Dovetail is a customer-intelligence platform. It brings customer signals from interviews, support, sales, and research into a searchable space for product, design, and leadership teams. Its current focus reaches beyond a research repository: AI analysis, chat, dashboards, and integrations are intended to turn many individual statements into traceable themes and decisions.
That is useful when customer knowledge otherwise disappears into calls, notes, tickets, and individual heads. It is not automatic objectivity. A frequently mentioned theme is not necessarily the most important product decision. Dovetail can assemble evidence and expose patterns; prioritisation remains the team's responsibility.
Who is Dovetail for?
- UX and research teams documenting interviews, studies, and observations for reuse.
- Product teams discussing priorities with customer evidence instead of opinion alone.
- Customer-success, sales, and support teams connecting signals across systems.
- Organisations that need a shared language for sources, tags, consent, and insight ownership.
For one interview or an ad-hoc note, maintenance may exceed value. Dovetail becomes worthwhile when research and feedback should act as organisational memory over time.
What the platform covers today
Dovetail presents itself as a layer for customer signals. Data can enter through native integrations, API, MCP, and CLI. AI Projects summarise calls, documents, and surveys; AI Channels classify recurring feedback; AI Chat and search answer questions using the material already stored. For enterprise use, Dovetail describes role-based access, retention, automatic redaction of names, faces, and voices, and source-linked AI outputs.

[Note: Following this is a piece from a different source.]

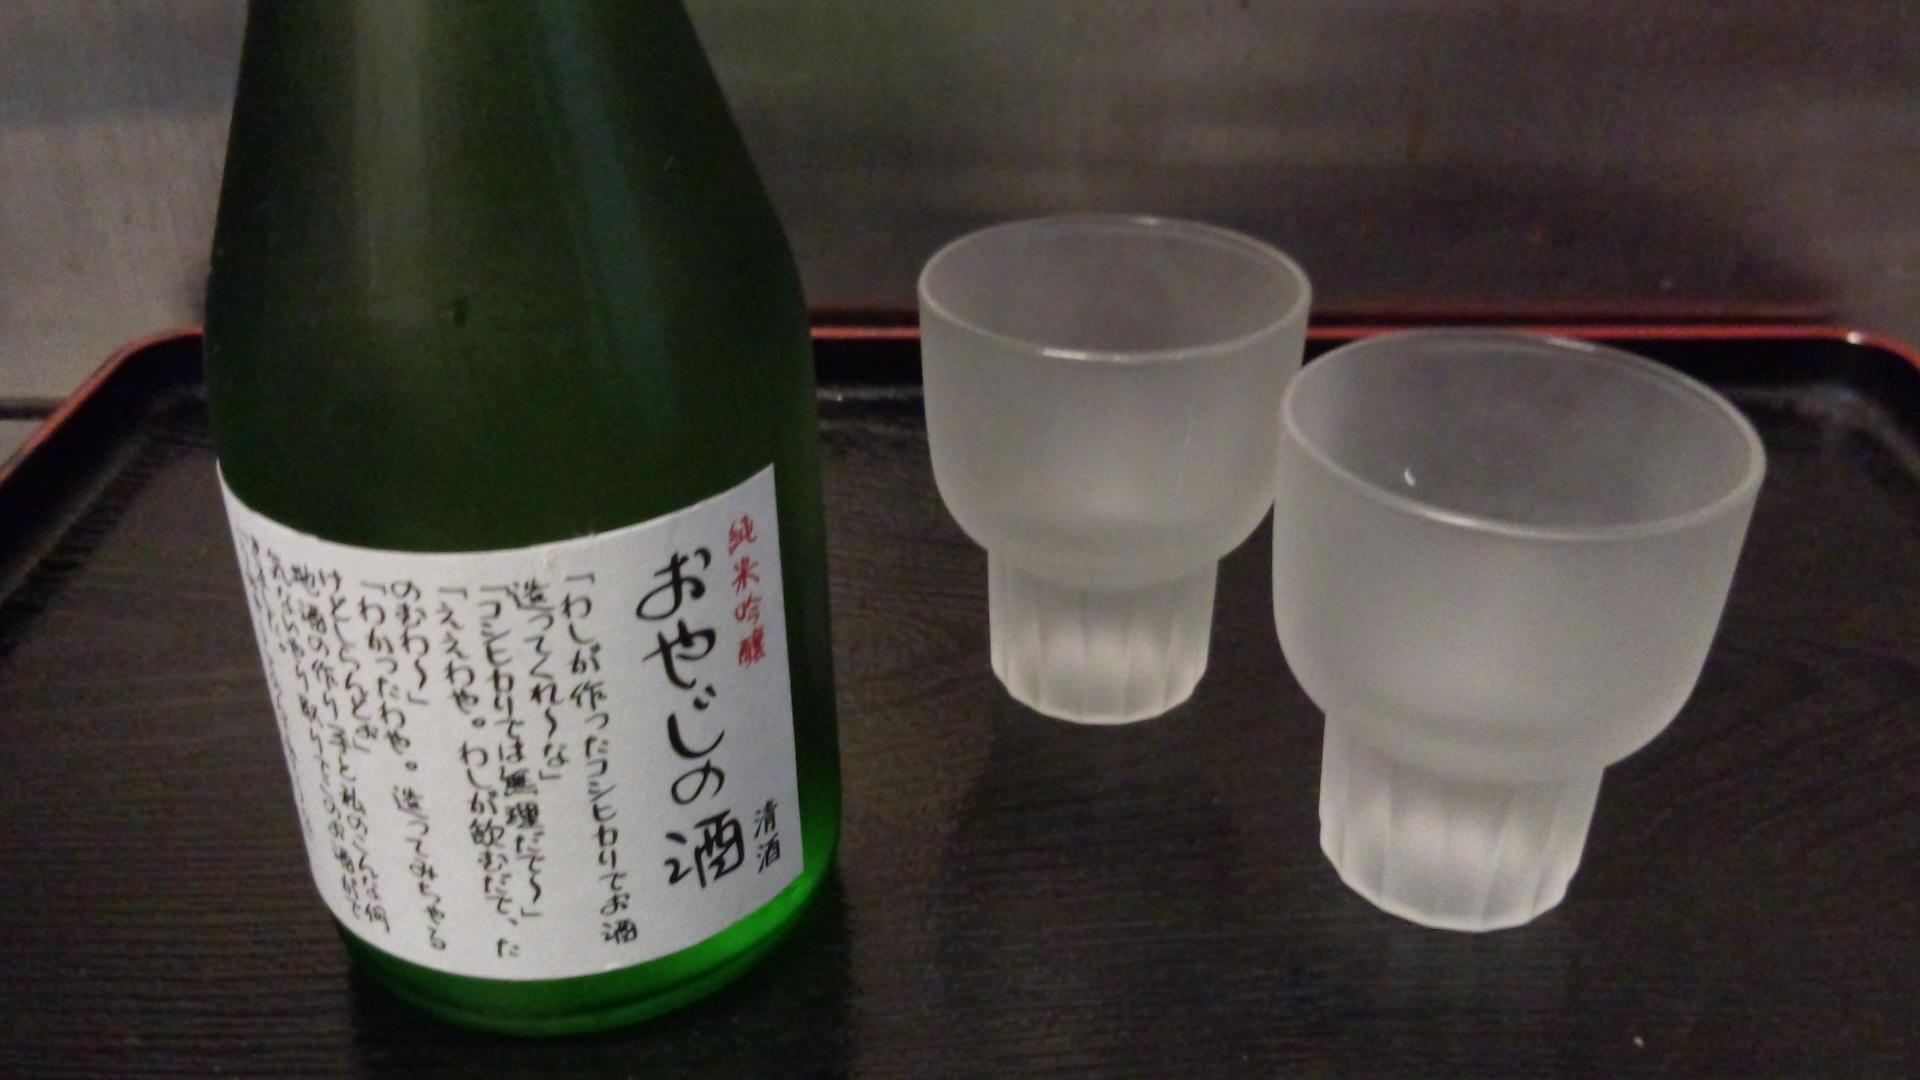 おやじの酒!新酒ができましたよぉー_a0200771_22331645.jpg

Those features become valuable only when origin and context remain intact. An insight should lead back to a clip, ticket, or interview, including sample, time range, and potential counter-evidence. Otherwise an elegant summary becomes a claim without research support.
Editorial Assessment
Dovetail is strongest when a team treats it not as a machine for producing truth, but as an auditable memory for customer evidence. AI can save considerable sorting and synthesis time, yet a sound decision still needs a clear research question, valid consent, and visible sources.
Our starting point would be a bounded repository: one product question, two or three data sources, and a shared taxonomy. Every AI summary is checked against original passages. Only after teams can actually use the outputs in briefs, roadmaps, or decisions is it worth connecting CRM, support, and sales widely.
A defensible rollout
- Define one decision question and the sources allowed to answer it.
- Set consent, access, retention, and redaction for sensitive conversation data before import.
- Establish shared tags and an owner responsible for maintaining them.
- Compare AI analysis with a manual control sample.
- Link source evidence in every decision document and keep counter-evidence visible.
Strengths and limits
Strengths
- Connects research, tickets, calls, and other customer signals in discoverable context.
- AI synthesis and search can shorten the time to a first defensible pattern.
- Source-linked outputs and governance features suit larger teams.
- API, MCP, and CLI support controlled integration with existing work.
Limits
- Poor taxonomy and inconsistent sources are not repaired by AI.
- Sensitive interviews, voices, and customer data need their own privacy programme.
- Frequency of a signal does not replace segmentation, market understanding, or commercial prioritisation.
- A central platform needs ongoing stewardship or becomes another archive.
Open frequently asked questions
FAQ
Does Dovetail replace UX research?
No. It helps organise and examine existing evidence. Research design, recruitment, interpretation, and decisions about product consequences remain human work.
How can a team avoid unsupported AI summaries?
Every important statement should link back to original material and be checked against a control sample. Sources, time range, and segment should remain visible in the result.
Which data needs extra protection?
Interviews, video, voices, support cases, and account metadata can be highly sensitive. Consent, role access, retention, exports, and redaction rules must be decided before import.